In 2005, Slahi wrote a 446-page handwritten account of his imprisonment, titled Guantanamo Diary. When it was published in January 2015, heavily redacted by government censors, the book made Slahi one of the best-known prisoners at Guantanamo. The memoir went on to be a best-seller in the U.S.
In an interview with NPR in January, Hina Shamsi, a lawyer with the American Civil Liberties Union, explained how Slahi came to be imprisoned in 2002.
“He wasn’t captured on a battlefield,” she said. “He voluntarily turned himself over to authorities in his native country of Mauritania for questioning.”
Then, Shamsi said, Slahi was “subjected to one of the most brutal torture regimes at Guantanamo.”
NPR’s David Welna has reported that what Americans did to Slahi during his time in custody was “extraordinary” compared to interrogations of other Guantanamo detainees.
David reported in January:
“In 2003, then Secretary of Defense Donald Rumsfeld personally approved what was called a special interrogation plan for him.

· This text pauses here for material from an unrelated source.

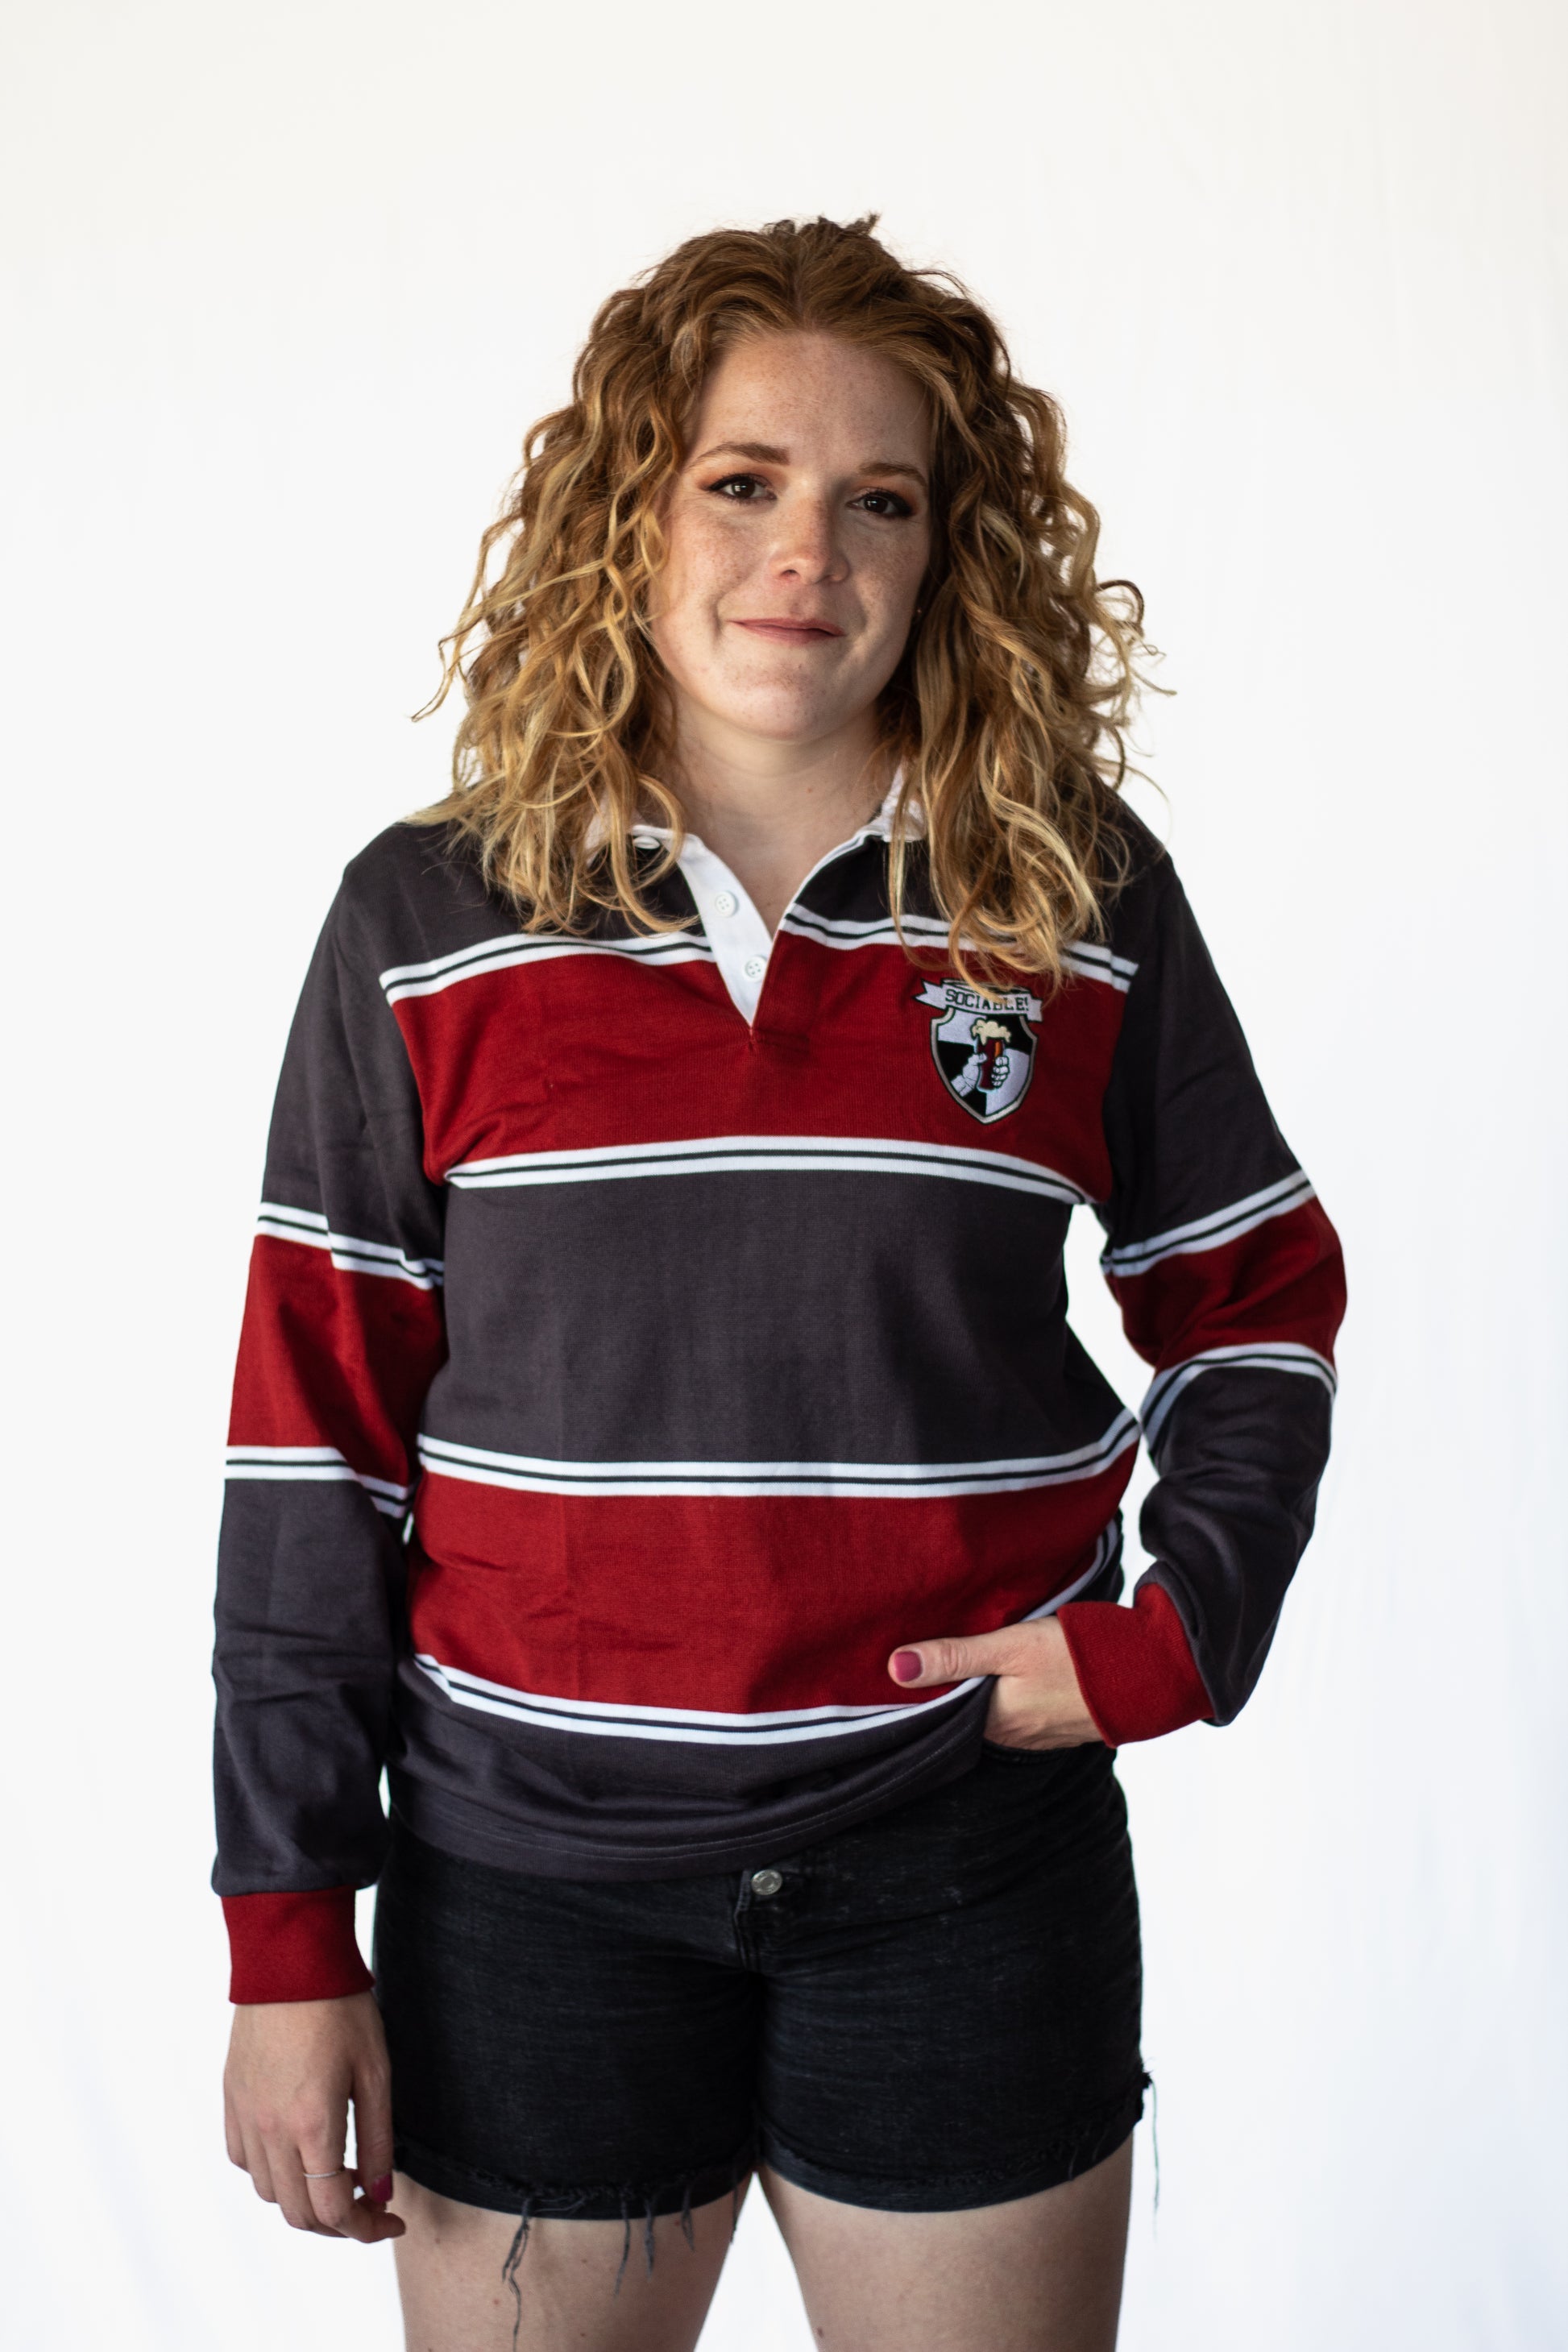 A woman wearing a red and grey sociable rugby shirt

It used so-called enhanced methods. According to a Justice Department investigation, he was beaten, sexually throttled, put in extreme isolation, shackled to the floor, stripped naked and put under strobe lights while being blasted with heavy metal music.”

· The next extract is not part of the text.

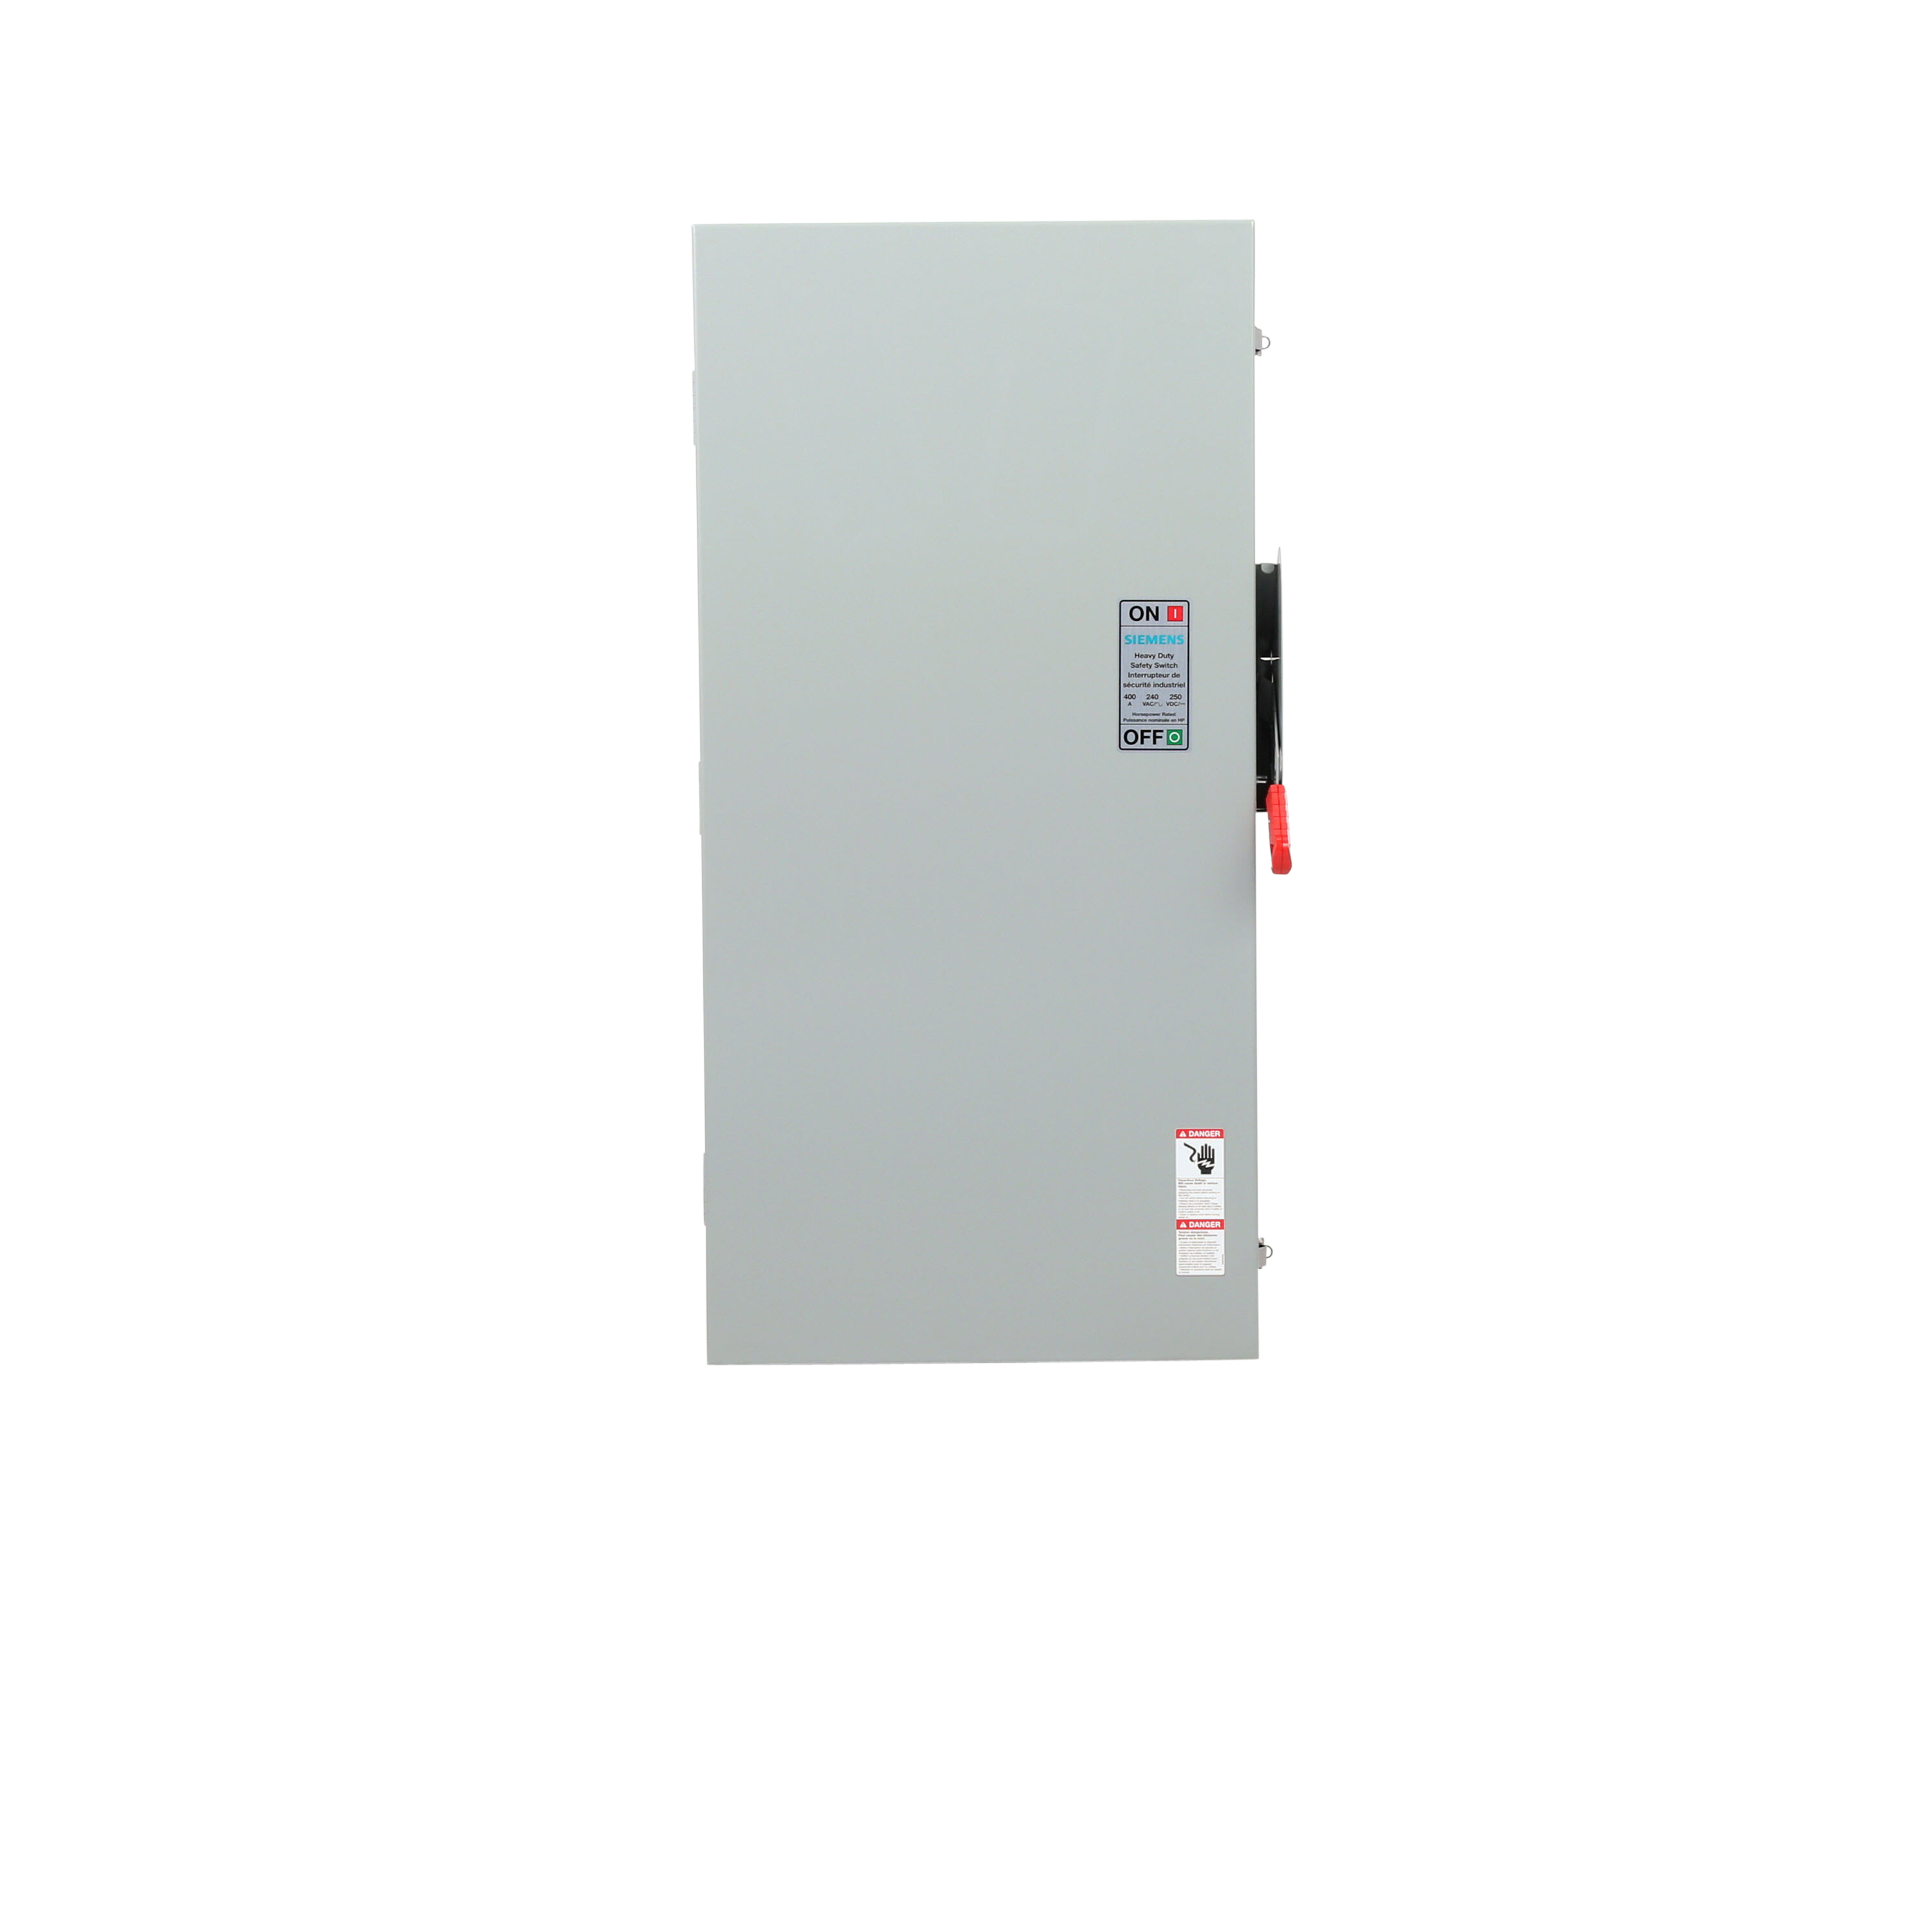 Siemens Low Voltage Circuit Protection Heavy Duty Safety Switch. 3-Pole 3-Fuse and solid neutral Fused in a type 3R enclosure (outdoor). Rated 240VAC (400A).

The decision to release Slahi comes four months after the Pentagon’s Periodic Review Board held a hearing about his fate. Just getting the so-called status review by the board was a long-sought victory for Slahi’s defense, as David Welna reported at the time.
A profile of Slahi read at the beginning of the June hearing called Slahi by his prisoner identification number, MR-760, and noted that “Throughout his detention, MR-760 has maintained his support for jihad, but clarifies that his notion of jihad neither condones the killing of innocent people nor supports Bin Ladin’s ‘version of justice.'”
If repatriated to Mauritania, the profile added, Slahi “probably would reunite with his family, take care of his sisters, and start a business,” and, if permitted, “travel internationally to promote his book.”
In July, the board recommended Slahi for release, according to the Pentagon press release. With Slahi gone, 60 detainees remain at the Guantanamo Bay prison.